ESSA May Be Worse Than NCLB
One more paragraph from your message to me says:
“Earlier in 2015, the House passed a version of the education bill – a much-needed update to No Child Left Behind – that did not achieve these goals so I did not support it. Since then, I have advocated to make it better. Through negotiations between the House and Senate, Congress came to an agreement on an update, called the Every Student Succeeds Act, which was a significant improvement. I was joined by over 350 Representatives in supporting the updated bill and the President signed it into law in early December.”
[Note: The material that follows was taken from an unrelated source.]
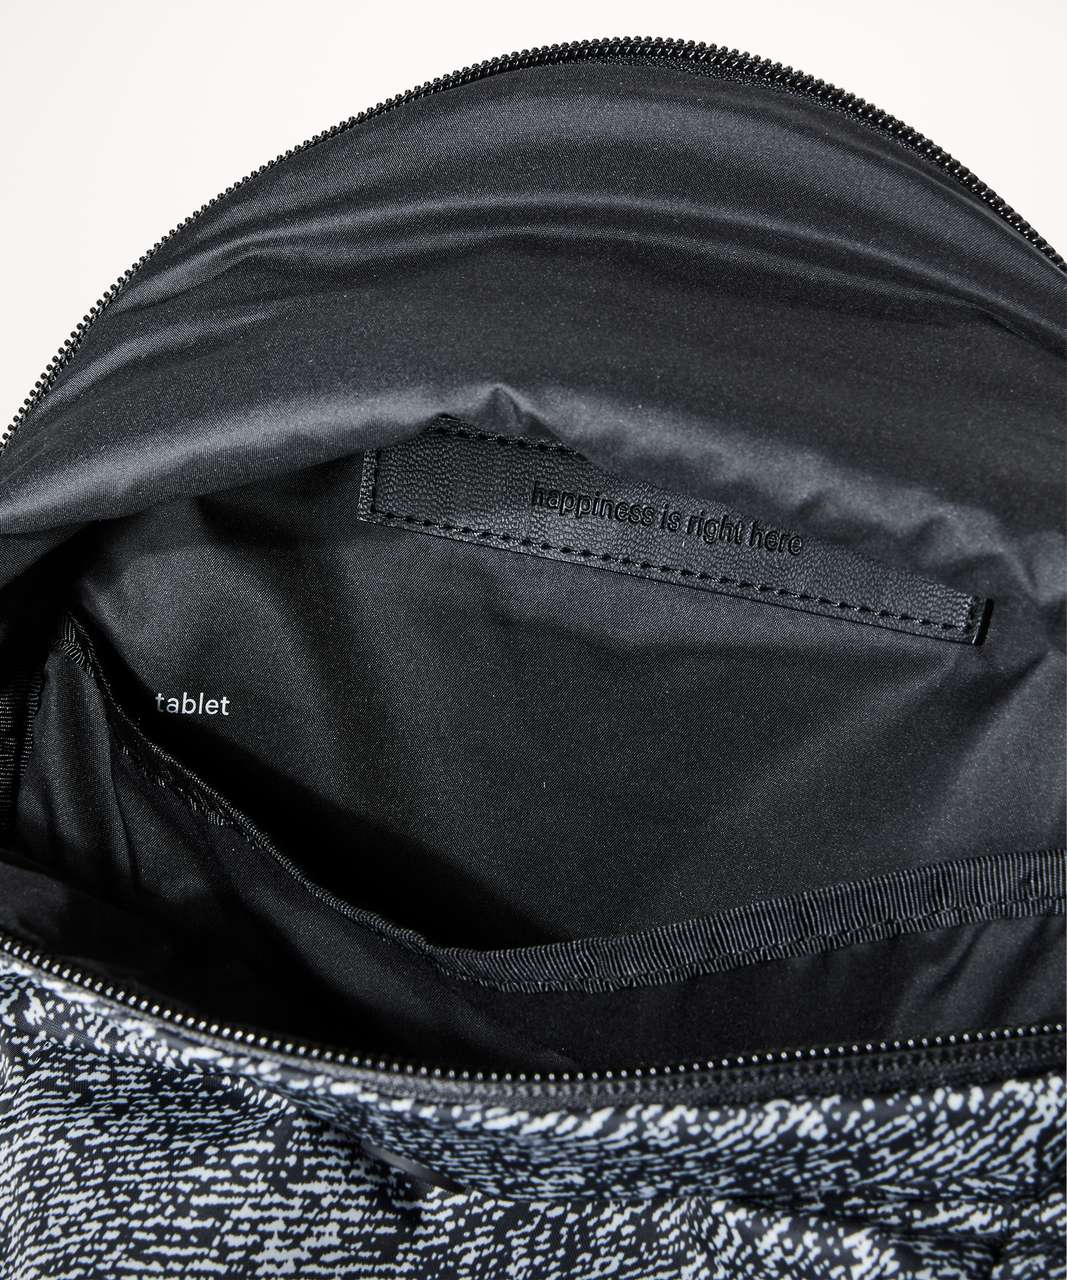 Lululemon Run All Day Backpack II *13L - Irregular Denim Twill Print Ice Grey Black / Black

While there is little doubt that ESSA is better than the original house version it is still bad law. Daisaku Ikeda in a book called Unforgettable Friends, writes, “Having been driven from the lectern by the government in the past, Dr. Delich [Francisco J. Delich, Former Rector of the National University of Córdoba, Argentina] is very deeply and personally aware of the evil of allowing government to control education. He wants to build a society in which political leaders respect educators. Education, he believes, is the very foundation of the nation.” ESSA ergates power over schools away from parents and teachers and to the federal government.
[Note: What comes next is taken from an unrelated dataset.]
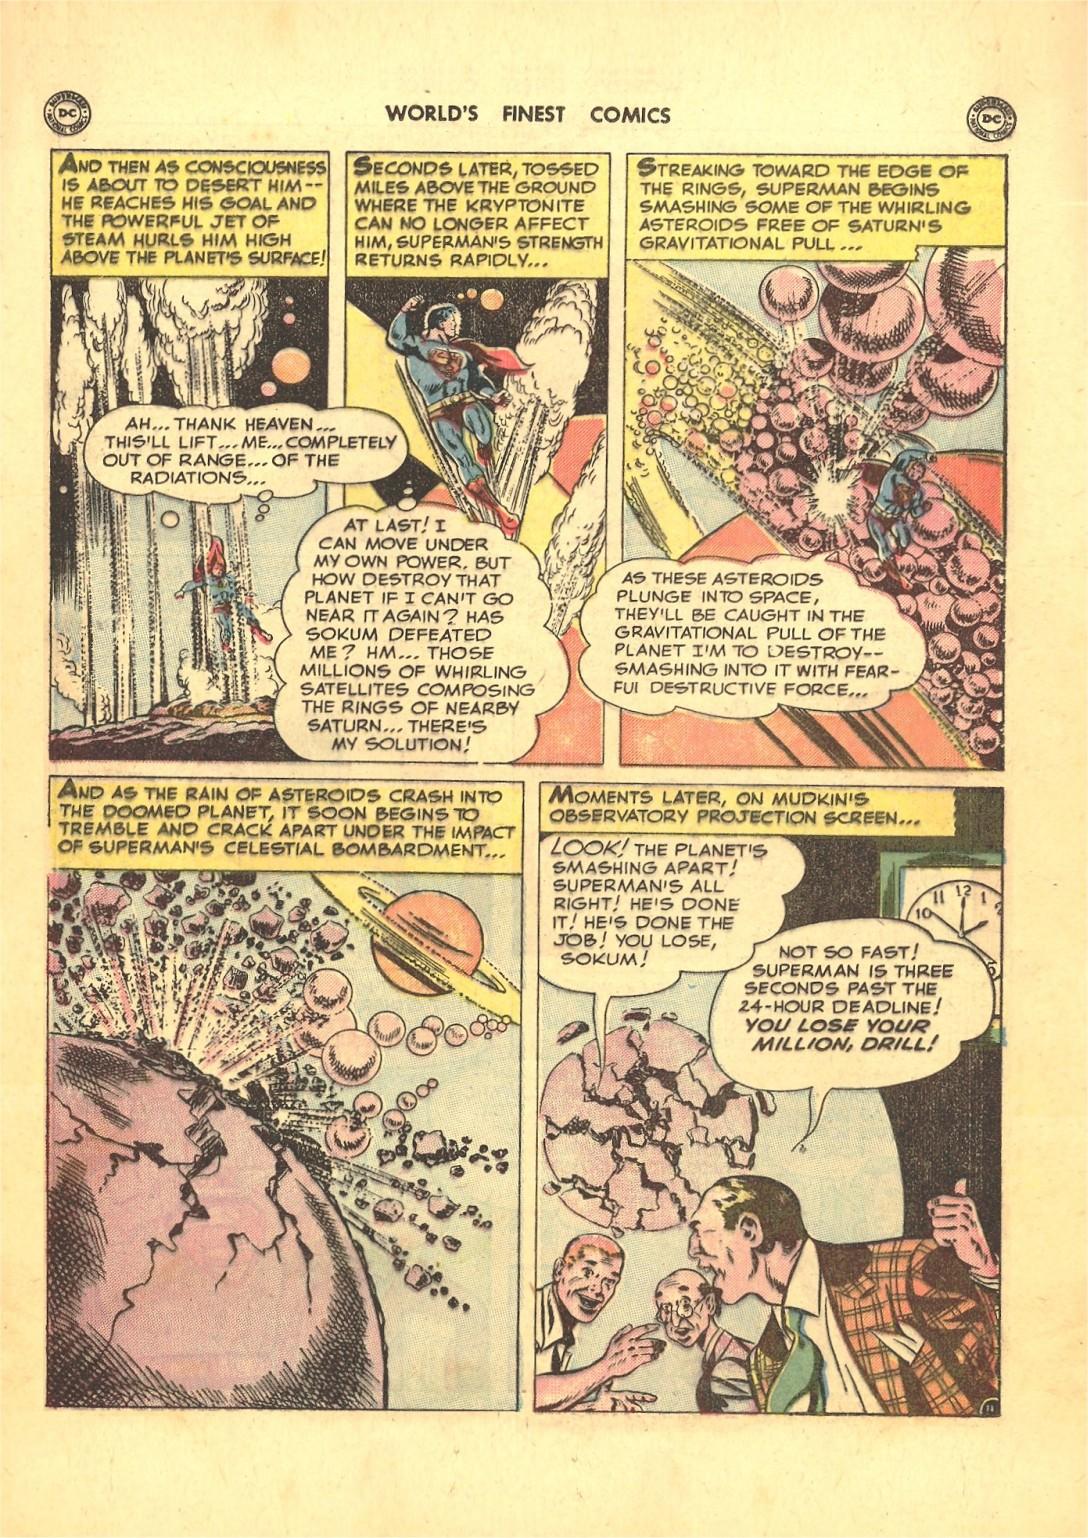 Read online World's Finest Comics comic -  Issue #50 - 13

This allows the uninformed and the corrupt too much opportunity to harm students nationwide. For example, large sums of money are earmarked for promoting the development of charter schools. Charter schools have not improved education in the least, but they have opened the door for fraud and profiteering at the expense of students.
Democracy is an important principle and no money should be spent on schools by the federal government if that money is not controlled by an elected body. Parents and teachers should control education using democratic processes to govern schools in their local community; not federal or state bureaucrats wielding authoritarian power.
ESSA also mandates standardized testing of all students in grades 3 – 8 and 11. This is a massive waste of money and harmful. For the first time ever student testing results on the nations report card, NAEP, stayed flat of fell during the last 10 years. Massive testing with punitive consequences has harmed not improved schools.
ESSA also provides money for competency based education (CBE) also known as personalize learning. The basic idea behind CBE is to have children sit at computers earning badges for demonstrating a learning competency. It is the worst kind of fill up the student with knowledge pedagogy imaginable but it does have huge profit potential. Emily Talmage a teacher and education writer from Maine has been sounding the alarm about this terrible idea. She writes:
“Although we were assured that the reauthorization of the Elementary and Secondary Education Act was intended to restore control to states and local districts, the truth is that much of the document was carefully crafted to enable a proliferation of “personalized learning.”
“KnowledgeWorks highlights the many ways that ESSA “opens the door” for personalized learning, including its Innovative Assessment Zones, resources for ‘21st Century Community Learning Centers,’ and grant money for technology available in virtually every section of the document.”
ESSA has made students and communities more vulnerable to being fleeced by corporate carpetbaggers and it increases the role of the federal government in local education policy.
America’s public school system is the foundation that made our great democratic experiment a resounding success. Allowing our schools to be stolen by profiteers actually creates a “Nation at Risk.” The federalized destruction of the public education system has become real. Please be alert to self-serving corporate actors and fight for the survival of the public education system in America.